Overview:
Around 3 terabytes of data is getting added every month and it has an upward trend. It was a challenge to manage the storage and processing to fulfill reporting needs.Earlier setup used Teradata as the database. Though Teradata per se can manage the ever-increasing data volume but in order to scale it up to a matching level of future data volume, the cost is highly prohibitive combined with possible performance issues in massive data processing.
As such, client opted to go for a cost effective system that can:
In addition, it was imperative to re-engineer the existing data model so as to optimize the overall processing steps for the reporting needs.
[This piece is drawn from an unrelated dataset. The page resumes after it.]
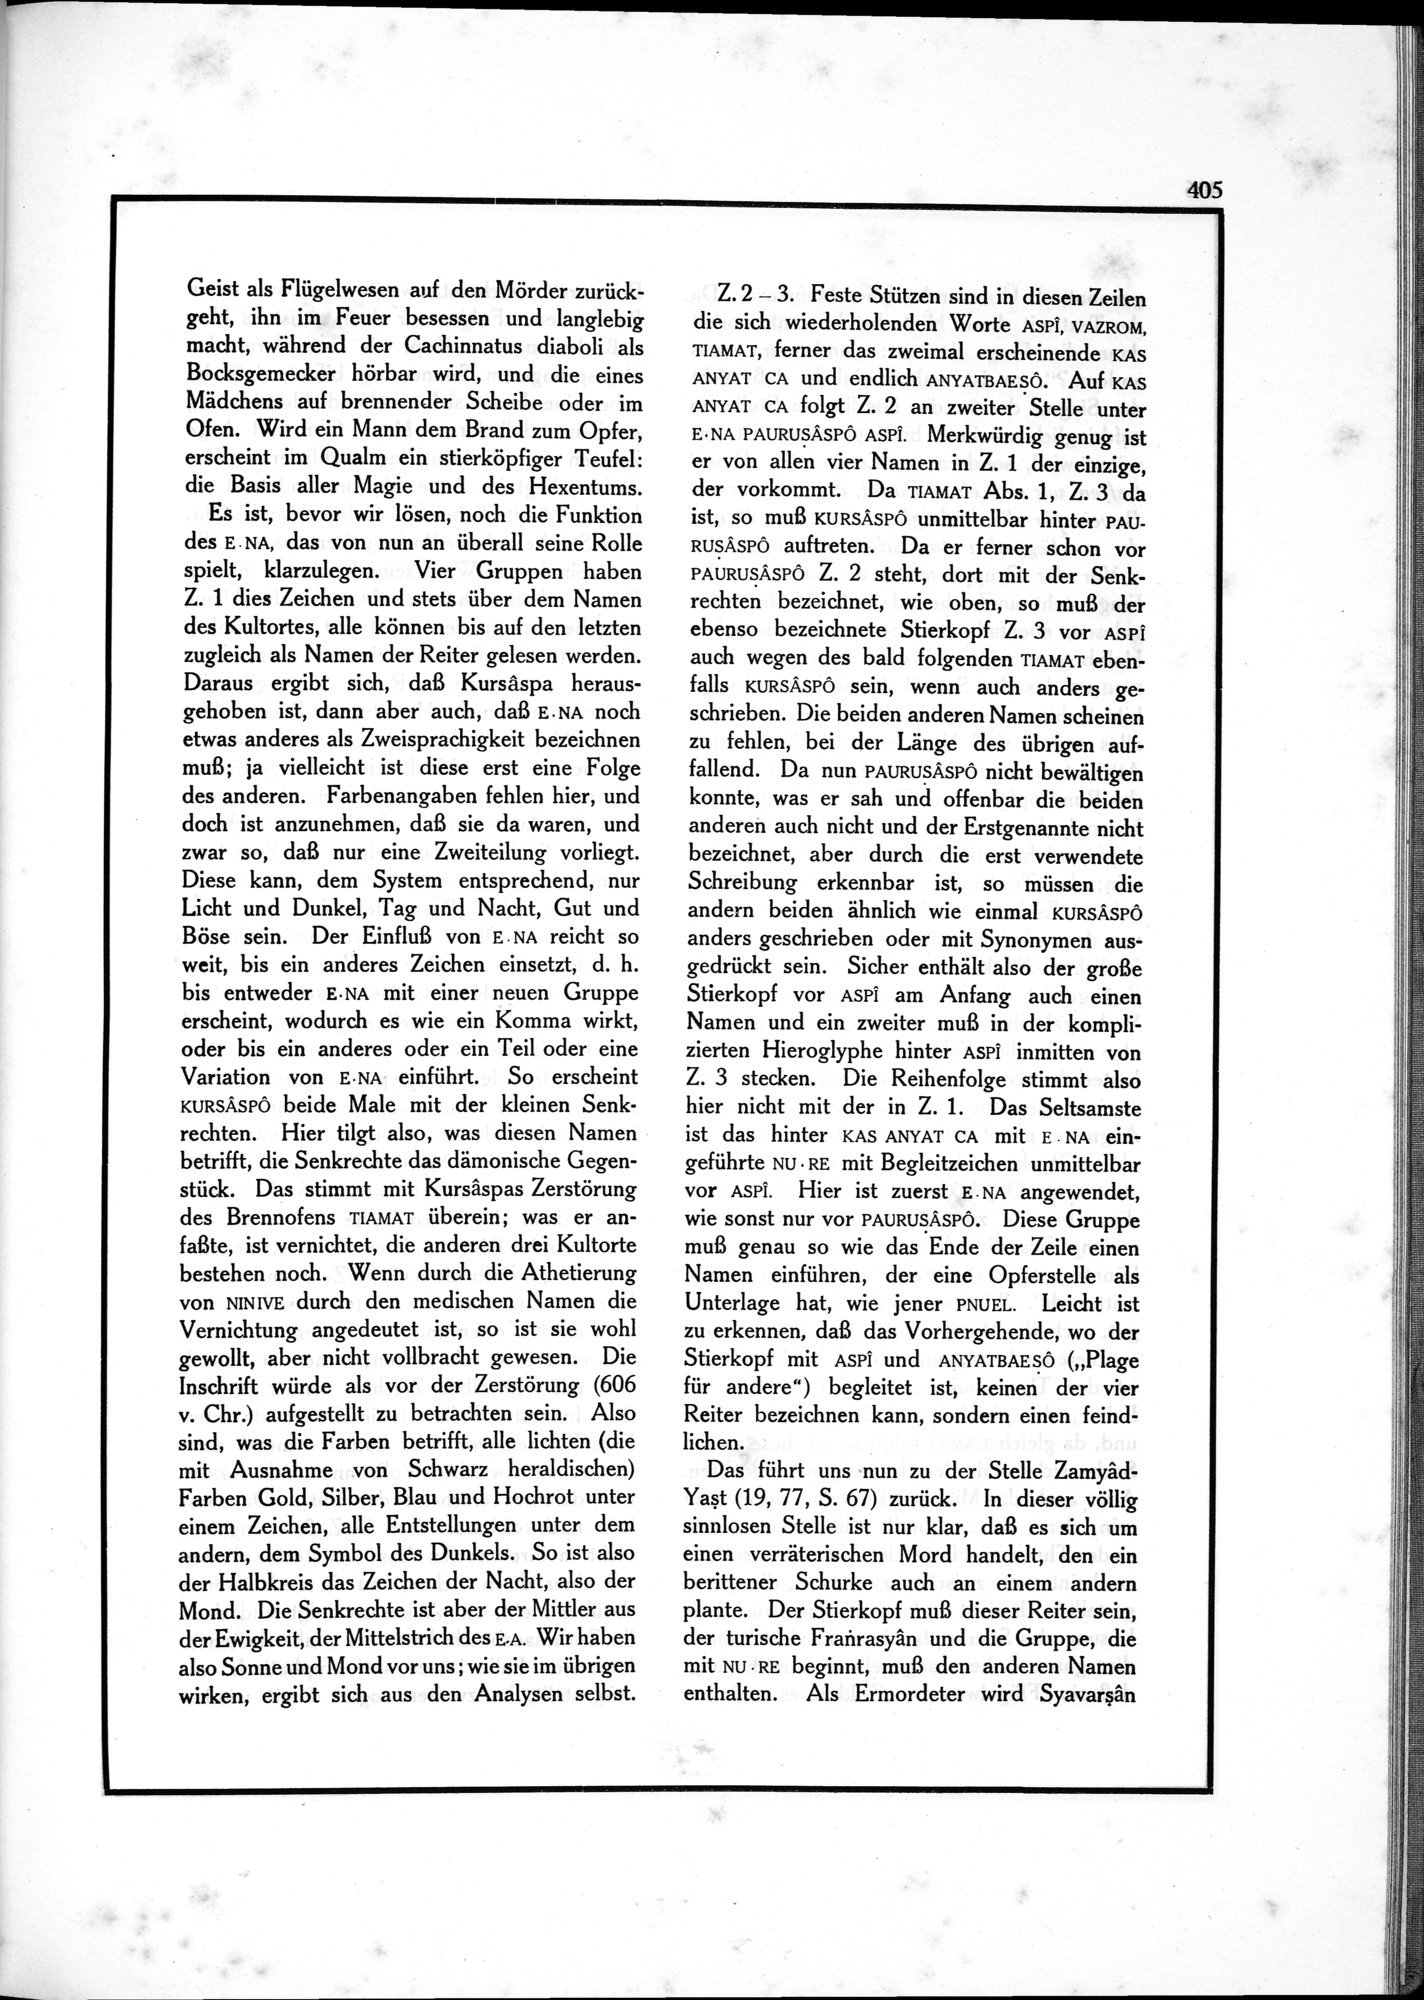 Die Teufel des Avesta und Ihre Beziehungen zur Ikonographie des Buddhismus Zentral-Asiens : vol.1 / Page 409 (Grayscale High Resolution Image)

In order to circumvent the said bottlenecks, it was suggestive to replace Teradata with Hadoop that can be leveraged around below aspects
- Build to hold massive data in a multi-node cluster environment
- Reduced cost. It can be set up on commodity hardware
- Distributed parallel processing using Hive and MapReduce
- Highly scalable and fault tolerant
Along with this, it was also analyzed that introduction of a common reporting platform in terms of a new data layer for multiple applications would help optimize the overall processing steps as well as storage needs.
Solution:
Ana-Data was engaged all through the SDLC (requirements, design, develop, test, deploy and support) of this system.
The key components are:
1. Source Databases: Contains transactional data that are distributed across multiple databases called Nodes (Oracle databases)
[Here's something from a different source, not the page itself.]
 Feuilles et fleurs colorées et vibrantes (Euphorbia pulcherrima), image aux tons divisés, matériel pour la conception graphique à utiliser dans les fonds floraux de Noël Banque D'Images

2. Stage Layer: All the data in the Nodes are consolidated in the Stage Layer. No aggregation is done in this layer.
3. Hadoop Base Layer: Data moved as-is from the Stage Layer to the Hadoop Base Layer using a customized replication framework
4. Consolidated Layer: Newly introduced layer wherein aggregations are done and a common platform is built that can serve as the source of cooked data for multiple applications for their reporting.
5. Downstream Applications: These are the various applications that cater to reporting needs with respect to theircorresponding business functions. These applications pull data from the “Consolidated Layer” and forward the same to report consumers in form of delimited files using extraction framework. The report consumers, in turn may use their own front-end tool for rendering their reports as per their required format.
Benefits:
The key business benefits can be summarized as -
Reduced IT costs
Hadoop being an open source system, there is no license cost. As it can be set up mostly by using commodity hardware, the initial investment as well as cost involved in scaling up the system to handle future high volume of data is cost effective.
Highly Scalable and Fault Tolerant
The system is built to handle massive data and scalable and fault tolerant aspects are inherent. It is set up in a clustered framework and new nodes can be added cluster to handle the ever growing volume of Data.
Common Reporting Platform
The newly introduced data layer named “Consolidated” provides a common platform for all the applications to access data from for the reporting needs. Prior to its implementation, each application had their own set of data layer to pull data from. This has resulted in less maintenance and less complexity in processing the data for the downstream applications.